この状態をもたらしてきたのは、日銀による国債の大量購入です。ところが、これさえ続けることには限界がきている。なぜなら、ここまで日本国債という名の不良債権を抱え込んでくると、日銀の財務破綻が心配になってくるからです。このまま日銀が国債を買い続けるには、別の枠組みが必要になってきた。そこで、驚くべきことに、安倍首相本人が、「政府と日銀の関係は親会社と子会社の関係のようなものだから、連結決算でいいわけだ」ということを言い出しています。
つまり、制度的に日銀を政府の支配下におき、政府の言うなりに政府にカネを提供する機関にしてしまおうというわけです。そうしてしまえば、政府と日銀の会計はドンブリ勘定化する(「=連結決算」というわけです)から、日銀の財務の痛み具合が人々の目に見えなくなってしまう。このような方向に国の体制を持っていこうとしている。それが今のチーム・アホノミクスの構えです。中央銀行が政府の子会社になるなどということが制度化されてしまえば、これはもはやファシズム体制以外の何物でもありません。
―経済をこわす経済政策超・要警戒!財政と金融の一体運営による統合政府部門の構築?!
〈浜〉このようなとんでもない発想をチーム・アホノミクスが露骨に前面に出してくるのも、それだけ焦りが大きいことの表れでしょうね。政治の下心が経済の逆襲を受けて、何かと物事が思い通りには運ばない。そのことに業を煮やして、過激な言動をついつい前面に出してしまう。窮鼠猫を噛もうとして跳ね回る。そういう感じになっているのだと思います。危険な状況ですね。
政府と日銀の会計をドンブリ勘定化するという体制を、彼らがいかにももっともらしい言い方で話題にし始める可能性があります。それは「財政と金融の一体運営による統合政府部門の構築」という言い方です。これが出てきたら要注意。この枠組みを構築した上で、「働き方改革」を通じて我々を“21世紀版大日本帝国会社”の忠実なる臣下に仕立てあげていく。これが彼らの目論見なのだと思われます。超・要警戒です。「働き方改革」とのかかわりで、同様に要警戒なのが彼らによるシェアリングエコニミーの薦めです。この言葉には、一見ビッグイシュー的な雰囲気がありますよね。シビックエコノミーに近そうなイメージがある。本当のシェアリングエコノミーは実際にそのようなものであるはずですが、これもチーム・アホノミクスの手にかかるととんでもない化け物になってしまいそうです。この点とのかかわりでは、このところ話題になっている高度プロフェッショナル制度の導入構想も大いに気がかりです。
〈佐野〉まず、日銀を子会社化する、財政と金融を一体化する、しかもそれを制度化するとなると、日銀法あるいは財政法を変えなければならない。
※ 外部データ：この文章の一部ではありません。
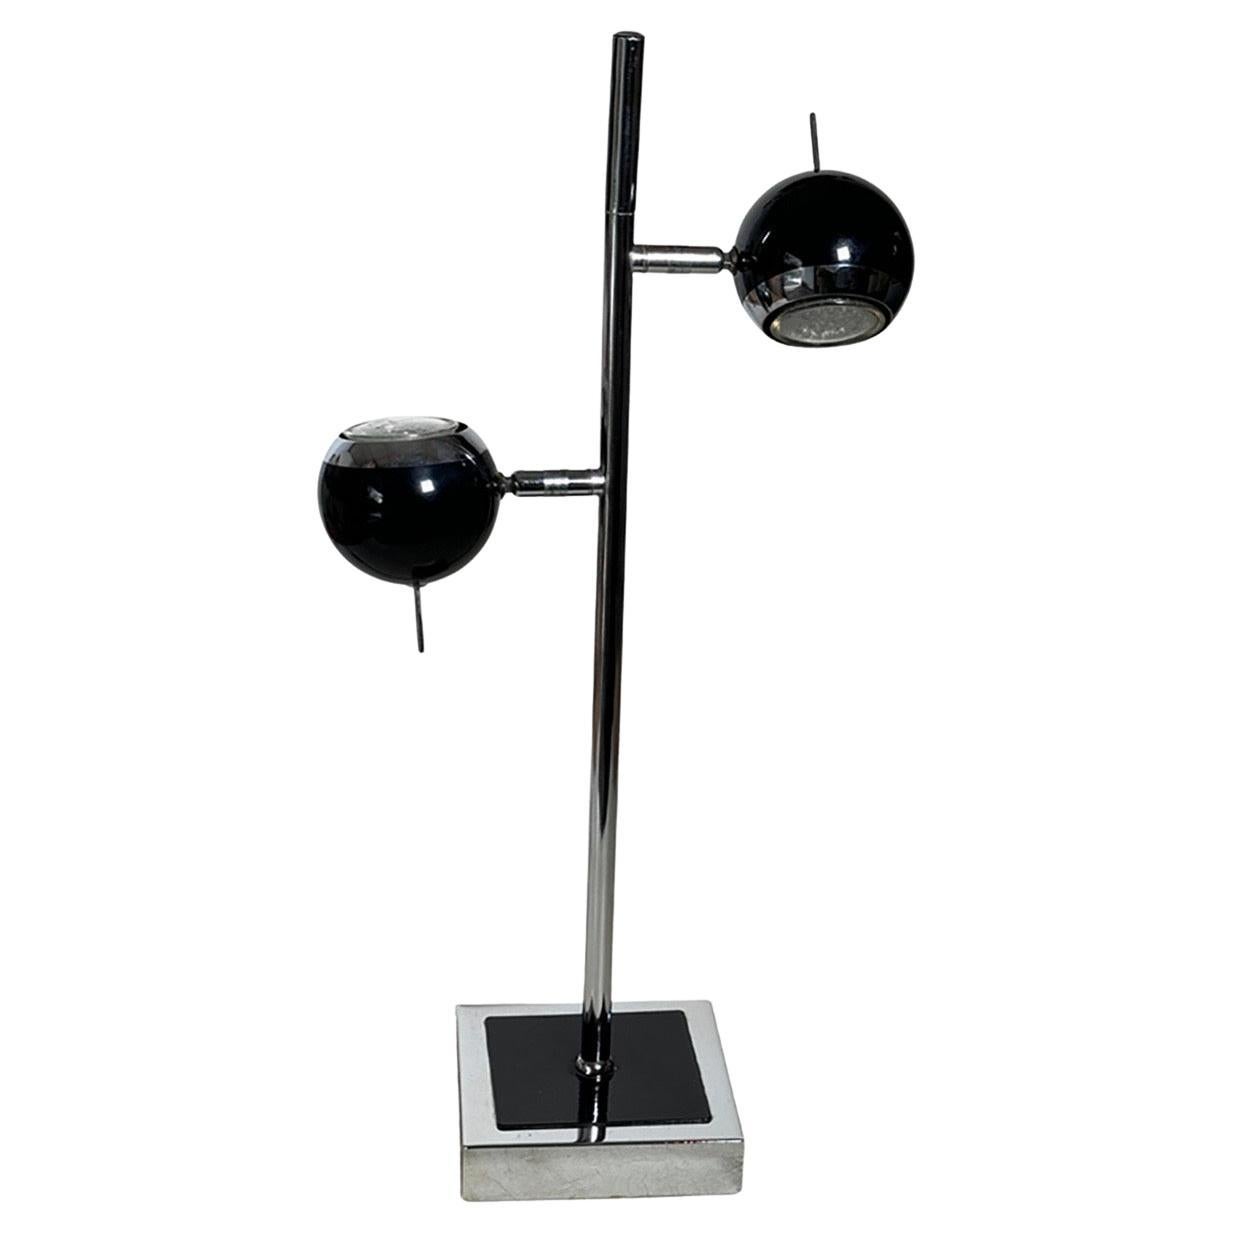  Eyeballs Table Lamp, 1980s Black and Siver Color France Removable globes

安倍政権は今3分の2の議席を持つので、強行突破をすればできる。でも、そんな簡単にいくものでしょうか。
〈浜〉今のような支持率急落の中で、中央突破はなかなか難しいと思います。けれど、「今、『経済最優先』で難局を脱していくには、財政を十分に出動させる必要があるので、危機突破のための緊急対応として財政と金融の一体化をせざるを得ない」という話の持ち出し方はあるかと思います。
〈佐野〉財政と金融の一体化が緊急対応になる?
〈浜〉もちろん、そんな言い方にだまされてはいけません。財政と金融の一体化が進めば、上記の通り、日銀は打ち出の小槌となって、政府の言うがまま金を振り出すことを強いられることになる。そうなれば、日銀も、それこそ政府も市場からいなくなって、談合でみんな決められる。国家予算も編成されなくなる。これは完全なるファシズム体制です。
〈佐野〉巨大な談合経済システムとも言えますね。安倍政権は今、お友達のために税金や政治を私物化して批判されていますが、それに数百倍輪をかけた談合、あるいは権力による私物化をしようとしている。
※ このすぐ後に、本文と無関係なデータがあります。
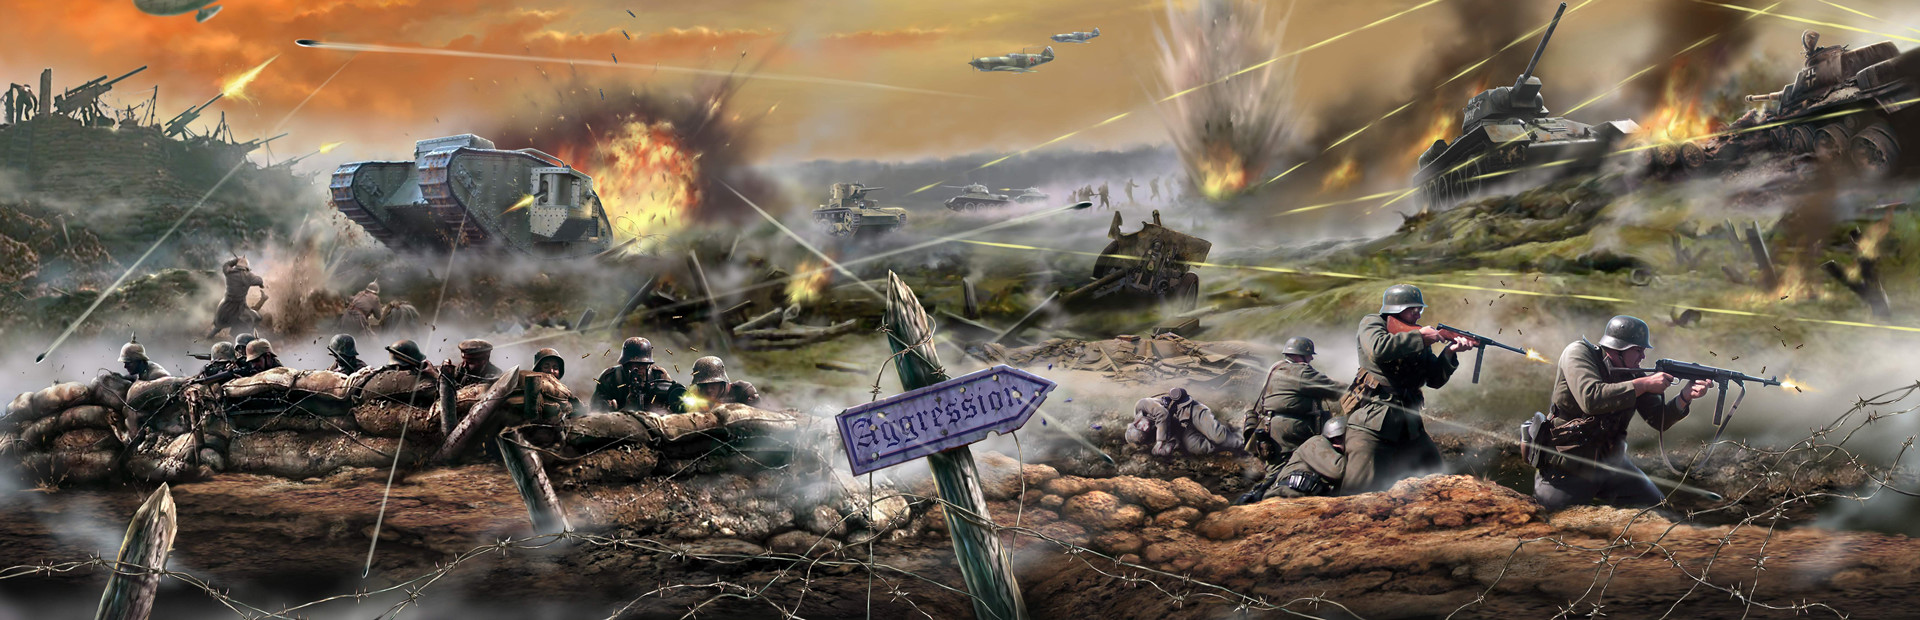 Aggression: Europe Under Fire cover image

〈浜〉フランスのマリーヌ・ルペンも「国の国債発行が金融市場の都合とか思惑に振り回されて、財政がやるべきことができないのはおかしい。だから、国債は中央銀行が直接引き受ける体制にする」と、同じことを言っていた。ファシズム志向を持っている人や政治集団は必ずそんなことを言う。ファシズム国家では必ず中央銀行を御用銀行化しますからね。「これぞ、財政再建、デフレ脱却のための奥の手1」という言い方をしたり、クリストファー・シムズさんが提唱する「シムズ理論:物価水準の財政理論」を、チーム・アホノミクス流に、「意図的無責任財政の薦め」と解釈して、「これが最先端経済理論です。日本が他国に先行してやっていることだから、もうしばらくおつき合いください」という言い方を本格的に前面に出してくる可能性もある。こんな言い方をすると、彼らに悪知恵をつけることになってしまっていけませんが(笑)。
(中略)
〈浜〉結局、国家という装置の最終的な役割は弱者救済です。弱者救済のための公助ですね。自助できない人たちの生きる権利、人の生存権を保障すること。国家という…機関は、それができてこそ存在することが許される。そういうことだと思います。国家の存在が限りなく希薄化するグローバル時代においても、この役割は国家に託されるはずだと思います。逆にいえば、それができないようなら、グローバル時代において国家に存在意義はない。
〈佐野〉弱者救済のための公助が、国家の本分、役割なんだと市民がはっきりさせればいい。長時間、本当にありがとうございました。